SGKB investment views: Die erste Etappe ist vorbei, die zweite wird schwieriger
St. Gallen – In dieser Woche folgen die letzten Zinsentscheide der Zentralbanken in diesem Jahr. Am Mittwoch wird die Fed beginnen, am Donnerstag folgen Schlag auf Schlag die SNB und die EZB. Zinserhöhungen werden keine mehr erwartet. Vielmehr werden die Analysten aus den Beurteilungen der geldpolitischen Lage herauslesen wollen, wann die Zinsen wieder sinken. Die Zentralbanker werden davor warnen, dass die Risiken bei der Inflation nach oben und nicht nach unten verteilt sind. Sie werden davon sprechen, dass es noch zu früh sei, an der Zinspolitik etwas zu ändern und dass man mit Zinssenkungen noch lange zuwarten werde. Ob die Finanzmärkte ihnen zuhören, ist eine andere Frage, wenn man die an den Märkten eingepreisten Erwartungen von raschen und starken Zinssenkungen anschaut. Ich bin wie die Zentralbanker auch der Meinung, dass rasche Zinssenkungen nicht nötig und damit auch nicht wahrscheinlich sind. Zinserhöhungen stehen aber nicht mehr zur Debatte. Daher lohnt sich ein Blick zurück auf die erste Etappe im aktuellen Zinszyklus.
Die Zentralbanken haben die Inflationsgefahr unterschätzt, das ist keine Frage. Die meisten, die jetzt mit dem Finger auf sie zeigen, übrigens auch. Ob die Inflationsraten weniger stark gestiegen wären, wenn die Zinserhöhungen ein Jahr früher angefangen hätten, ist alles andere als sicher. Der Inflationsschub wurde nicht durch die expansive Geldpolitik der letzten Jahre ausgelöst, sondern durch die in ihrem Ausmass einmaligen Fiskalprogramme der Staaten während der Corona-Pandemie. Diese haben zur Nachfrage-Explosion nach dem Ende der Lockdowns geführt. Dass diese Nachfrage auf ein durch die Lieferkettenprobleme eingeschränktes Angebot traf, hätte auch durch eine restriktive Geldpolitik nicht verhindert werden können. Das gleiche gilt für den Anstieg der Energiepreise nach dem Ausbruch des Krieges in der Ukraine.

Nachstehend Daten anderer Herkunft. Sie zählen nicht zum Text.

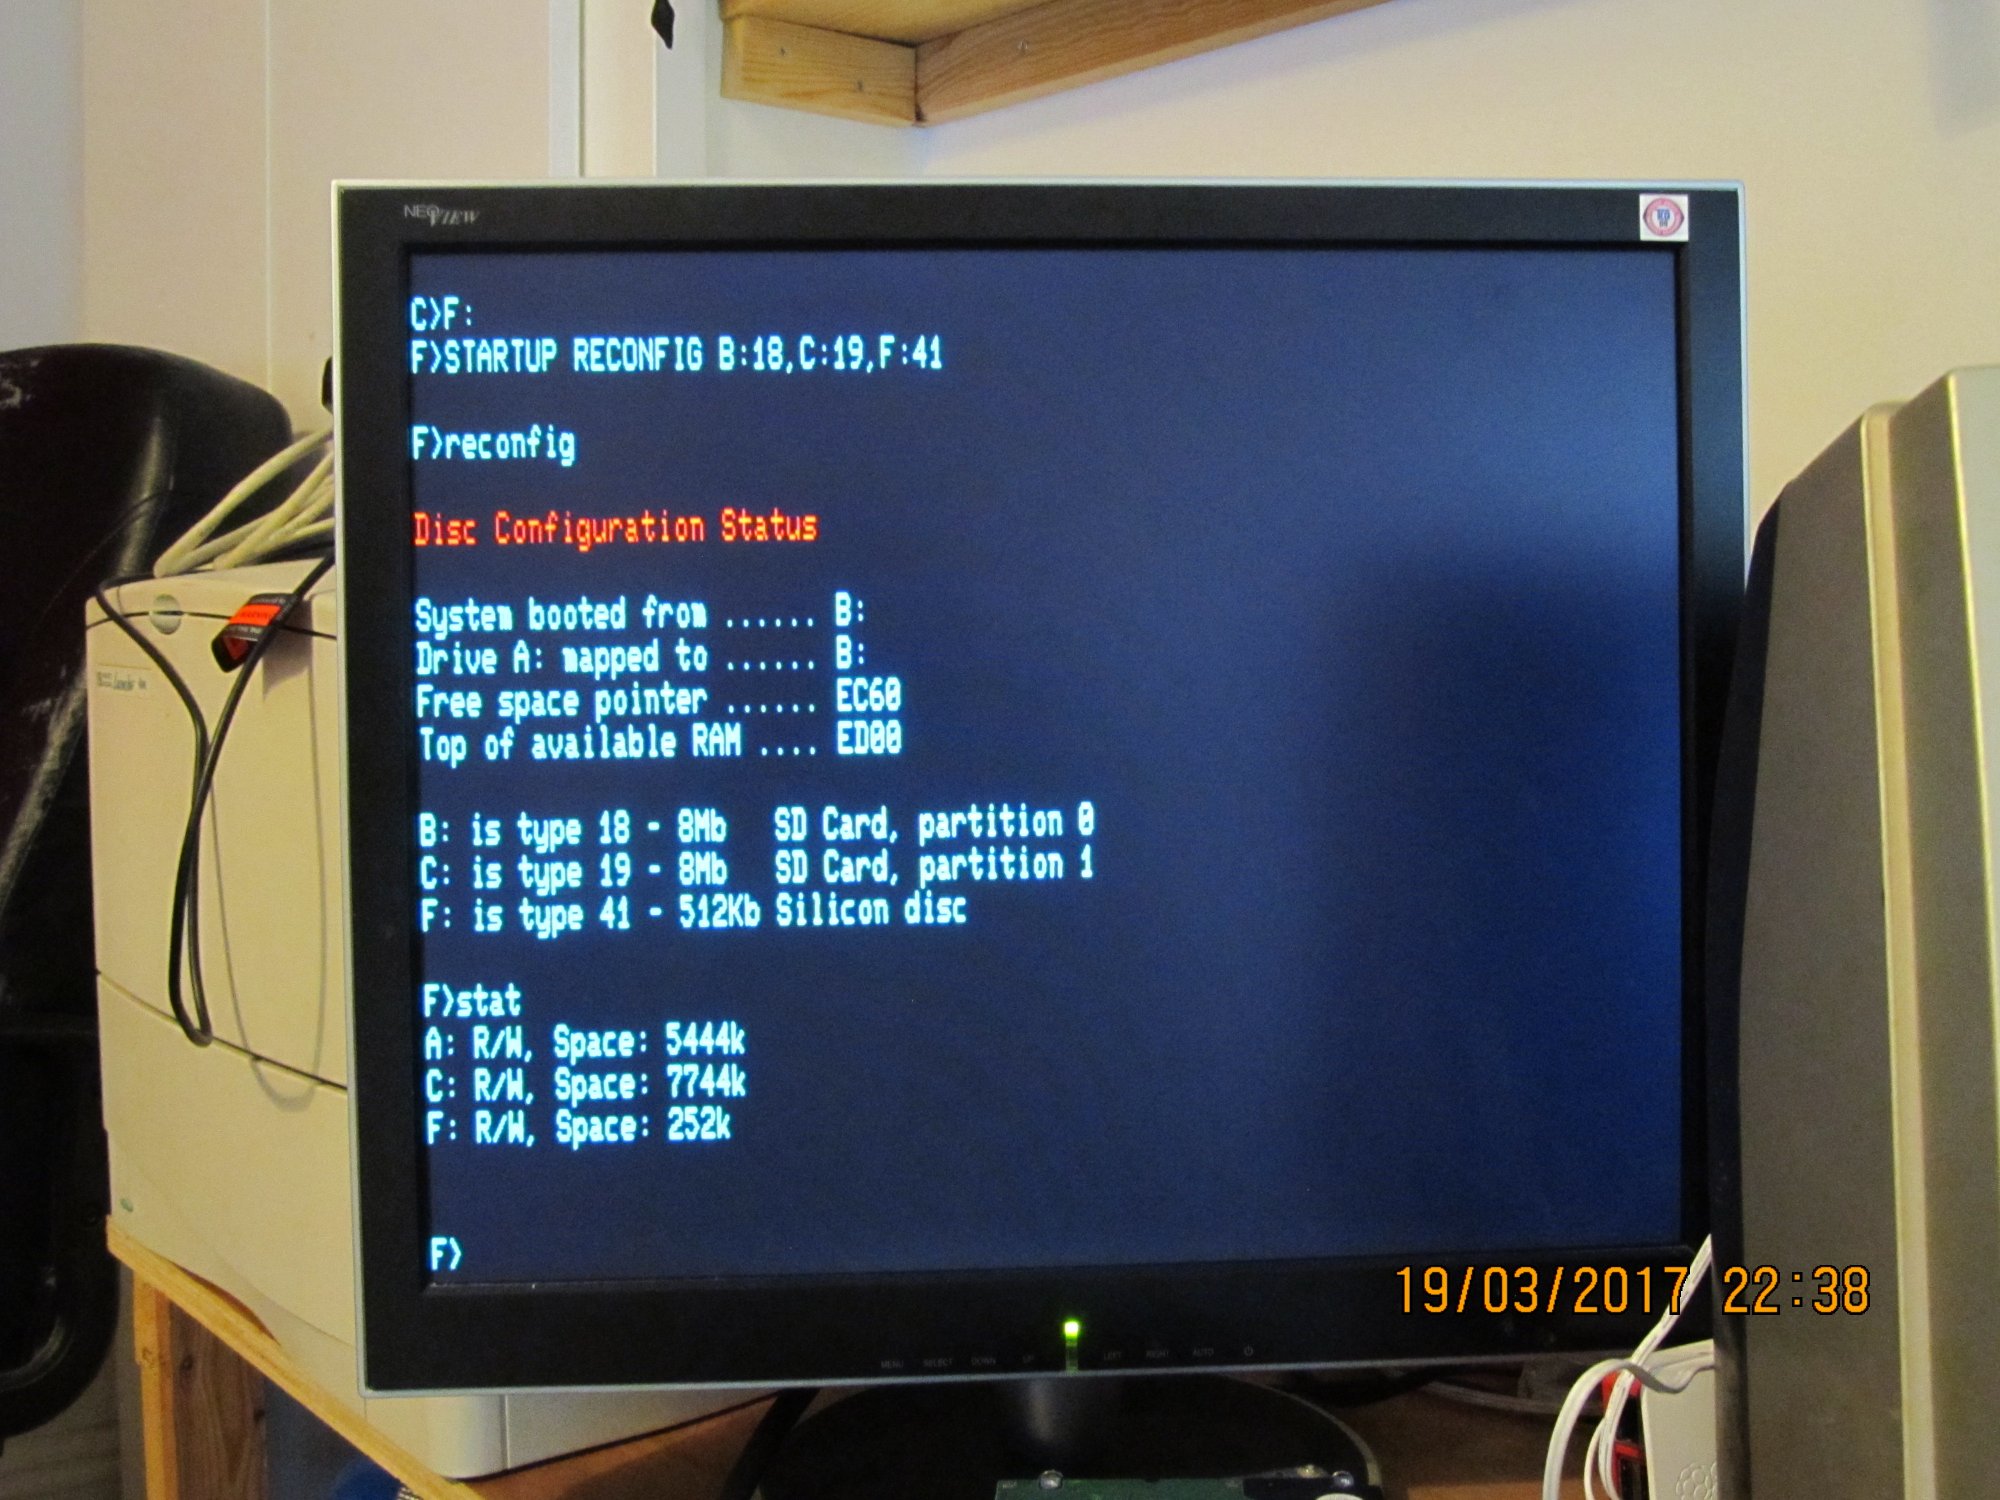 Output from the VGA port

Konsequentes Handeln der Zentralbanken wirkt
Nach dem verschlafenen Start haben die Zentralbanken die Zinsen aber konsequent erhöht. Die Fed hat den Leitzins innert sechzehn Monaten um mehr als 5% angehoben. Das gab es letztmals 1980. Die SNB hat den Leitzins in einem Jahr um 2.50% erhöht. Das ist für ihre Verhältnisse viel in kurzer Zeit. Das geht etwas vergessen, weil der Zins mit 1.75% tiefer ist als bei früheren Zinszyklen. Beim letzten Zinserhöhungszyklus verteilte die SNB die gleiche Zinserhöhung auf drei Jahre. Nach anfänglichem Zögern hat auch die EZB kräftig an der Zinsschraube gedreht.

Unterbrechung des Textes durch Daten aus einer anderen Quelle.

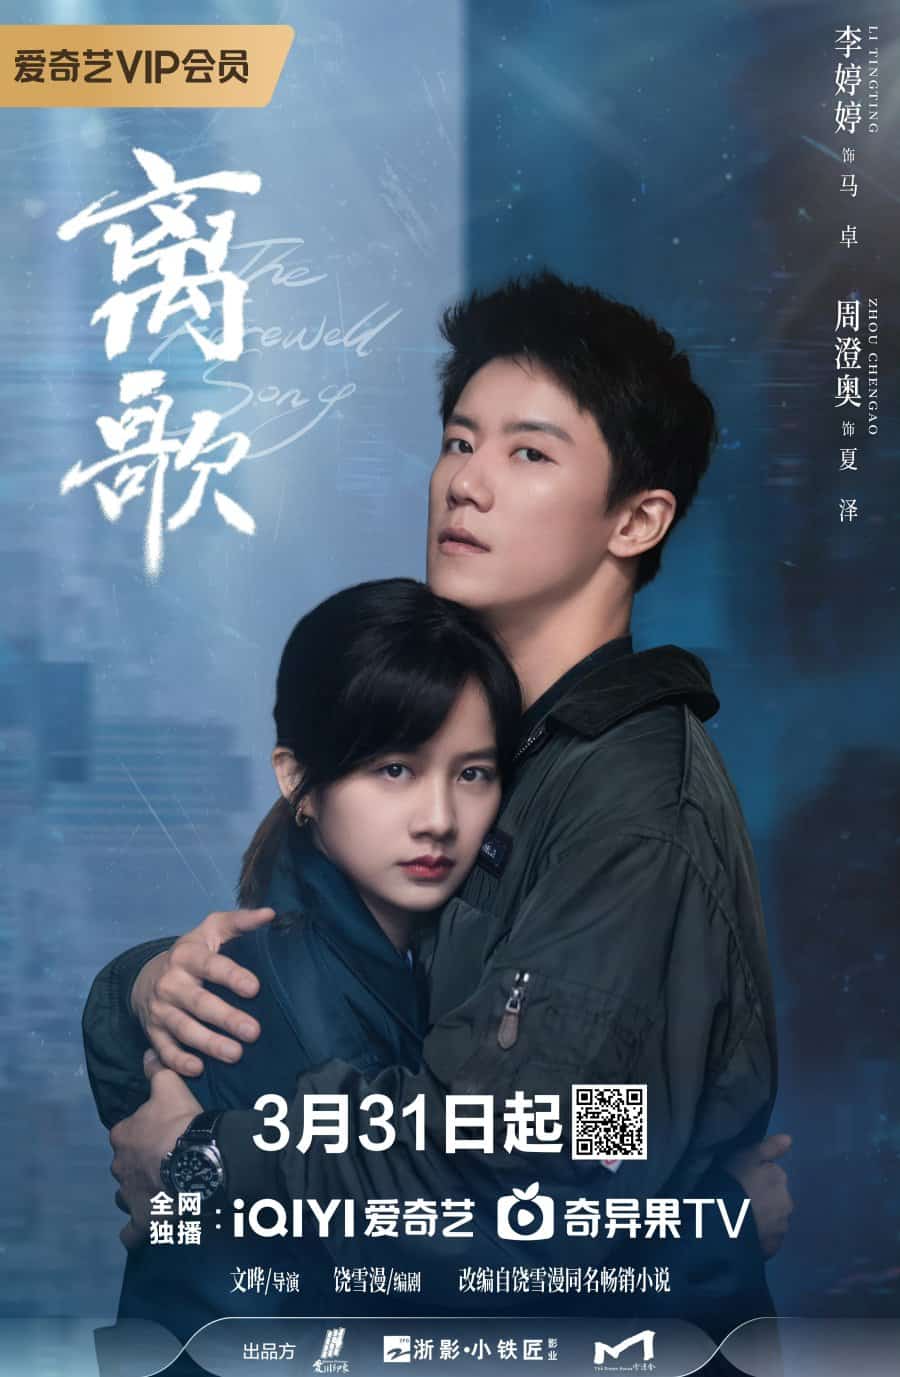 The Farewell Song - Sinopsis, Pemain, OST, Episode, Review

Die restriktive Geldpolitik zeigt Wirkung. Die Konjunktur schwächt sich wie gewünscht ab, ohne dass es bisher zu einem starken Wirtschaftseinbruch geführt hat. Die Ausnahme ist Deutschland, wobei dort weniger die Geldpolitik als die strukturellen Probleme und die Energieabhängigkeit der deutschen Industrie der Treiber sind. Das Momentum bei der Inflationsentwicklung konnte dagegen gebrochen werden. Die Inflationsraten sind, auch dank Mithilfe wieder tieferer Energiepreise, deutlich gesunken. Die erste Etappe des Zinszyklus, der Weg nach oben, hat holprig begonnen, aber ein überzeugendes Ende gefunden.
Zinsen rechtzeitig senken
Herausfordernd wird die zweite Etappe. Im Unterschied zu der Schweiz sind die Zinsen in den USA und in der Eurozone auf einem Niveau, welches für die Wirtschaft auf Dauer zu hoch ist. Die Zinsen müssen daher im nächsten Jahr in diesen Regionen nach unten genommen werden. Die Markterwartungen diesbezüglich sind aber zu hoch. Diese zu zügeln, ohne dass es zu Verwerfungen an den Finanzmärkten kommt, die sich negativ auf die Realwirtschaft auswirken, ist eine kommunikativ schwierige Aufgabe. Wenn es gelingt, die Zinsen rechtzeitig wieder zu senken, bevor die Wirtschaft zu stark gebremst wird, ohne neue Inflationsängste zu wecken, weil die Geldpolitik zu expansiv sei, dann können wir den Zentralbanken auch für die zweite Etappe ein gutes Zeugnis ausstellen. (SGKB/mc/ps)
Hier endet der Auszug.